Before you go wondering why I’m being a biotch, just wait for it, because it’s not my opinion, more of an observation. Now, there are several schools of beauty. The most prevalent ones are “less is more” and “more is more.” I subscribe to the less crowd, maybe because I’m lazy, but mostly because I’m not a fan of chemicals or permanent procedures. The mores, well, there’s no limit to what can be done. The make up, the hair, the clothes, the facials, the Botox, the surgeries…who knows when it’s enough? That is what we call a personal decision. Obviously, somewhere in between are people who strike a balance, doing less in some areas and more in others.
To some, looking their best is a lifelong goal, maybe even an obsession. They will do just about anything to attain the ideal. But what if that ideal shifts? It may just have.
Even though I’d like to live and let live, when I see a woman with lip oozing off her frozen face I can’t help but gawk. Was the alternative really that terrifying? Apparently Hollywood thinks not. A recent article in the New York Times discusses how casting agents, directors and studios are now eschewing the plumped up, smoothed and perfected bodies and faces of talent for those untouched by scalpel or needle. Or at least the ones that don’t look like they’ve had work done.
One might say that this is a cause for celebration, that Hollywood is finally sending a message of restraint and wholesomeness. “We like you just as you are,” they seem to be saying. Or, perhaps, they’re actually telling those that went the extra mile to look the part is, “We don’t like you no matter what you do.” Remember when you had that flat chest? Or weird nose? Or sagging skin? Yeah, we do too, and we’re not interested. K, thanks, bye.
Women in particular feel pressure to be sexier, smoother and thinner as they age. Hell, they feel that all the time, from all directions. Perhaps an excellent nose job, or a perfect face lift will go unnoticed, and the actress will continue to get work while drawing lavish praise for her seemingly effortless youthful appearance. But if something goes awry – the breasts look too fake, the face too taught, the emotion gone from her brow – and the punishment is severe. At first it was only the sport of tabloids to discuss who had work done, but now the exact thing that she did to protect her job is the one that will make it more difficult for her to get one.
It should come as no surprise that Hollywood is viciously judgmental when it comes to appearance. Whether “natural” or “fake”, beauty is prized. In fact, it is paramount and it makes sense in a way. Humans like symmetry, which is what beauty really is. So that’s what we enjoy watching. But it certainly doesn’t make those who aren’t aligned as preferred feel so great about themselves. And since most of us are ruled by our ego, feeling unattractive is a sad, lonely world to live in.

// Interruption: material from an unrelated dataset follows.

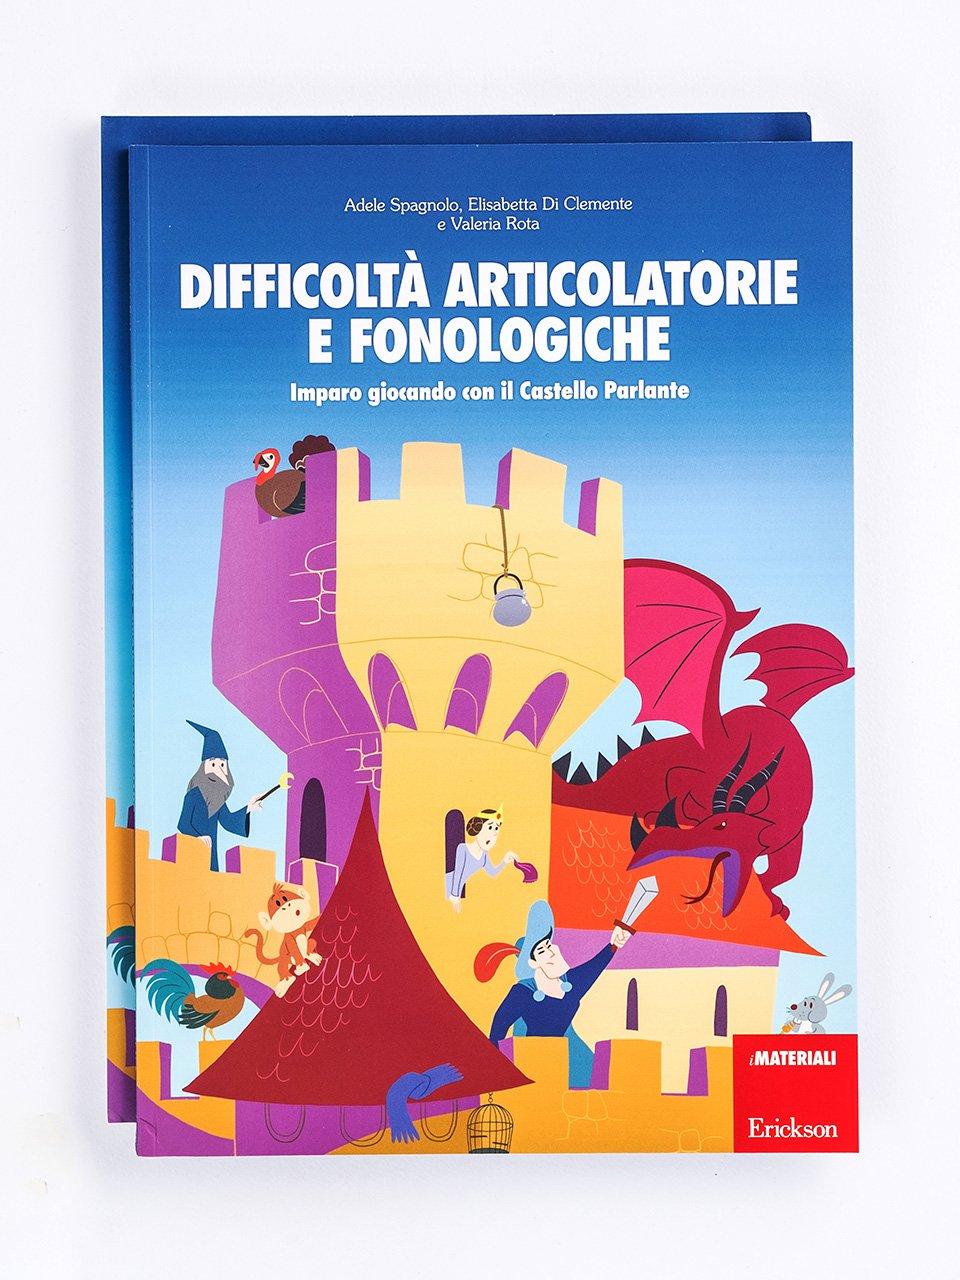 Difficoltà articolatorie e fonologiche - Logopedia e comunicazione - Riviste - Erickson

Yet the vast majority of people, if not every person ever to walk this earth, at one point, or at a lot of them, feels ugly to some degree for some length of time. Whether Hollywood approves of their visage, or their butt, is ultimately inconsequential, because the most beautiful women can be terribly insecure. No matter the work, or the working out, one day we all get old. Fact is fact. And what of it? It is not that old age is the end of sex or sex appeal, it’s just that it’s a time when you accept you are no longer a tight, virile ball of youth. It doesn’t seem that hard, after all: the new, older you is staring you in the mirror. Still, there are those old photos. And our friends’ photos. Even if we look at celebs and dismiss their glowing skin and flat abs as no more than expensive make up and Spanxx, there are still those around us that look better, or weigh less, or have something we don’t that we’d like.
I wonder how those people, the ones that in pursuit of fame, or hoping to hold onto it, made permanent changes to their bodies feel, knowing that they may have shot themselves in the foot. Will they get more surgery? Or just cry? Or perhaps, in the best case scenario, they are happy. That nip, that pump, that one little surgery made them whole, proud and self-assured. Not that I believe that, but I would like to, because I know that it’s not surgery or make-up that make you comfortable with who you are. It is your own perspective. In the end, there are always judges, but we can ignore them, or at least keep them from originating in our own brain.
After all, you are perfect just as you are. Your body, your voice, your hair. Everything else is a construct. You decide how to live your life, damn everyone else. Like Ed Norton said in Fight Club, self-improvement is masturbation. Do it if it makes you happy, but don’t let it run your life. No one likes a chronic masturbator.